Aboitiz Power Corp. asked the government to rehabilitate the old Agus hydroelectric power plants in Mindanao amid the huge surplus in the region to ensure the plants’ long-term efficiency and reliability.

“With all the supply coming into Mindanao today, it may be time for the government to finally decide on the fate of the Agus complex. Perhaps it is time for these old power plants to be rehabilitated,” Aboitiz Power president and chief operating officer Antonio Moraza said in a statement.

The Agus hydroelectric power plants have an installed capacity of 727 megawatts, but currently have a dependable capacity of only 400 MW, according to the Mindanao Development Authority.

Some of the Agus units were constructed as early as the 1950s and many sectors were calling for an extensive rehabilitation of the facilities so that they could operate at an optimum efficiency.

Moraza said with more power plants getting built, the perennial problem of the Mindanao power shortage was resolved.

AboitizPower Corp. president and chief operating officer Antonio Moraza discusses Mindanao’s current power situation to the delegates of the 2017 Davao Investment Conference on July 21 at SMX Convention Center in Davao City.

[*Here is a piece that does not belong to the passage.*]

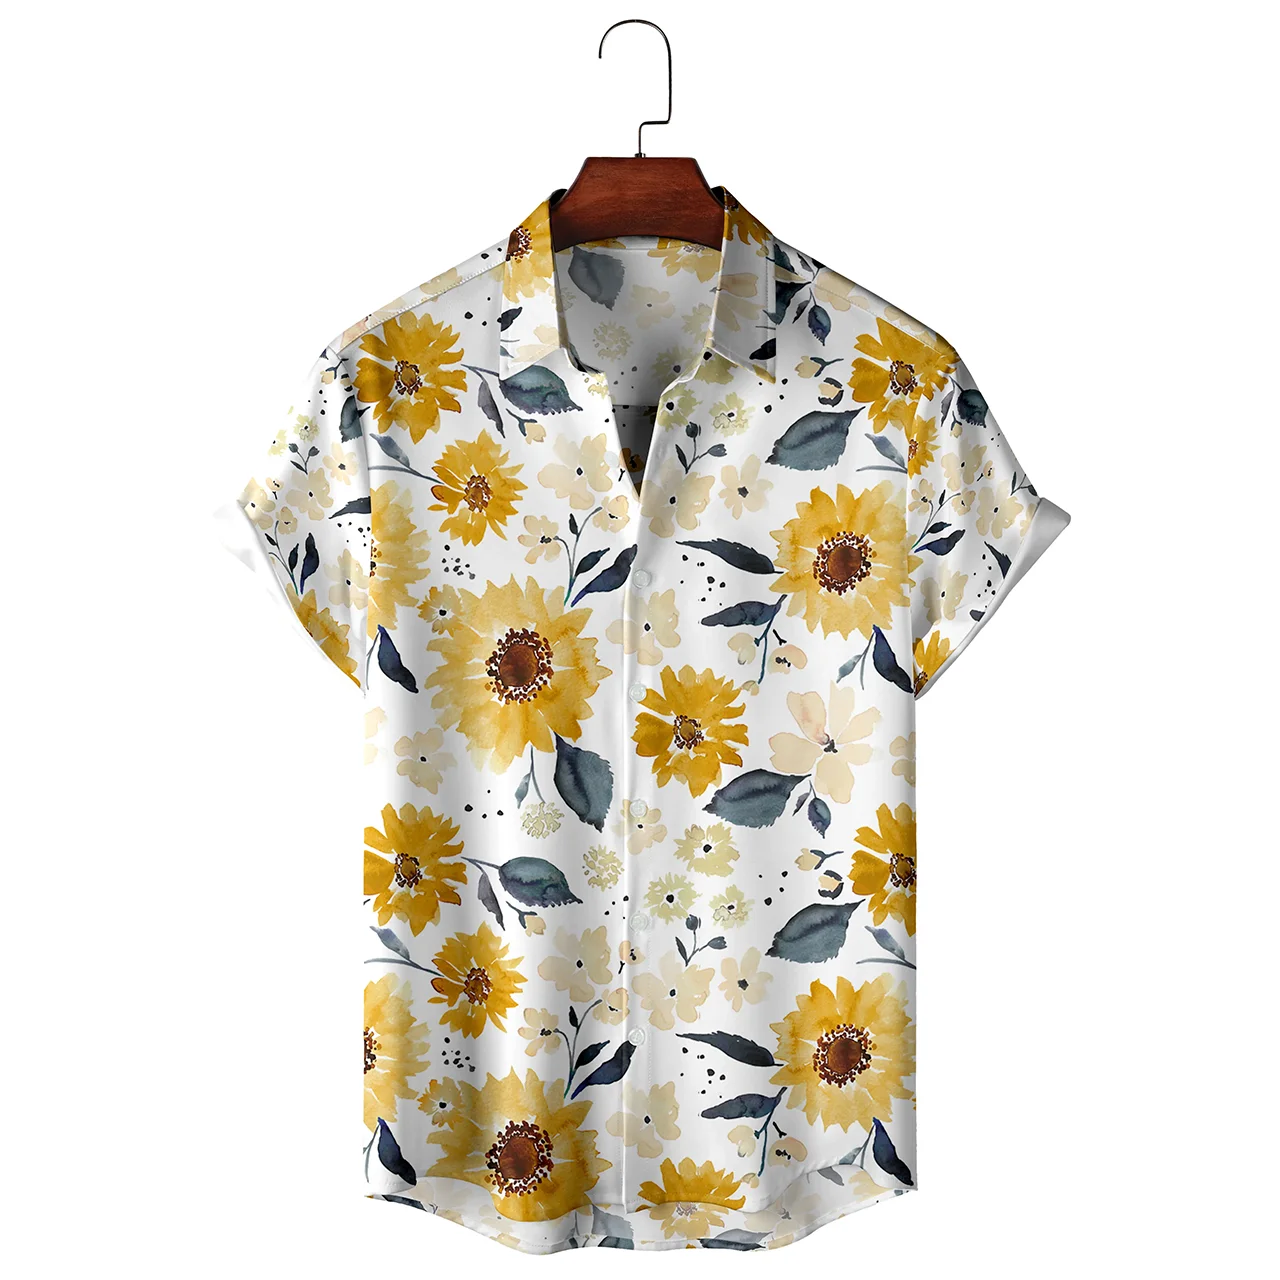 

Men's and Women's Casual Shirts Fresh Floral Print Pattern Seaside Short Sleeve Button-Down Shirt Tops

He said the region should now take advantage of its energy surplus to spur the economy.

Meanwhile, Moraza said Aboitiz Power’s successful rehabilitation of the Ambuklao hydroelectric power plant in Ifugao enabled it to increase its capacity.

The Ambuklao plant was built in 1956 but was abandoned by the government after the 1990 earthquake that struck Baguio.

“We took over Ambuklao in 2008. We invested resources, brought in experts and worked with government to make the plant run again. In 2011, we not only brought back the plant, but also increased its installed capacity from 70 MW to 105 MW.  With the same amount of water, energy produced has increased by 50 percent,” Moraza said.

Moraza said studies would have to be made in order to determine how the proposed Agus rehabilitation should be done and by whom.

“Now that power supply is no longer an issue, it can be said that Mindanao is truly open for business,” Moraza said.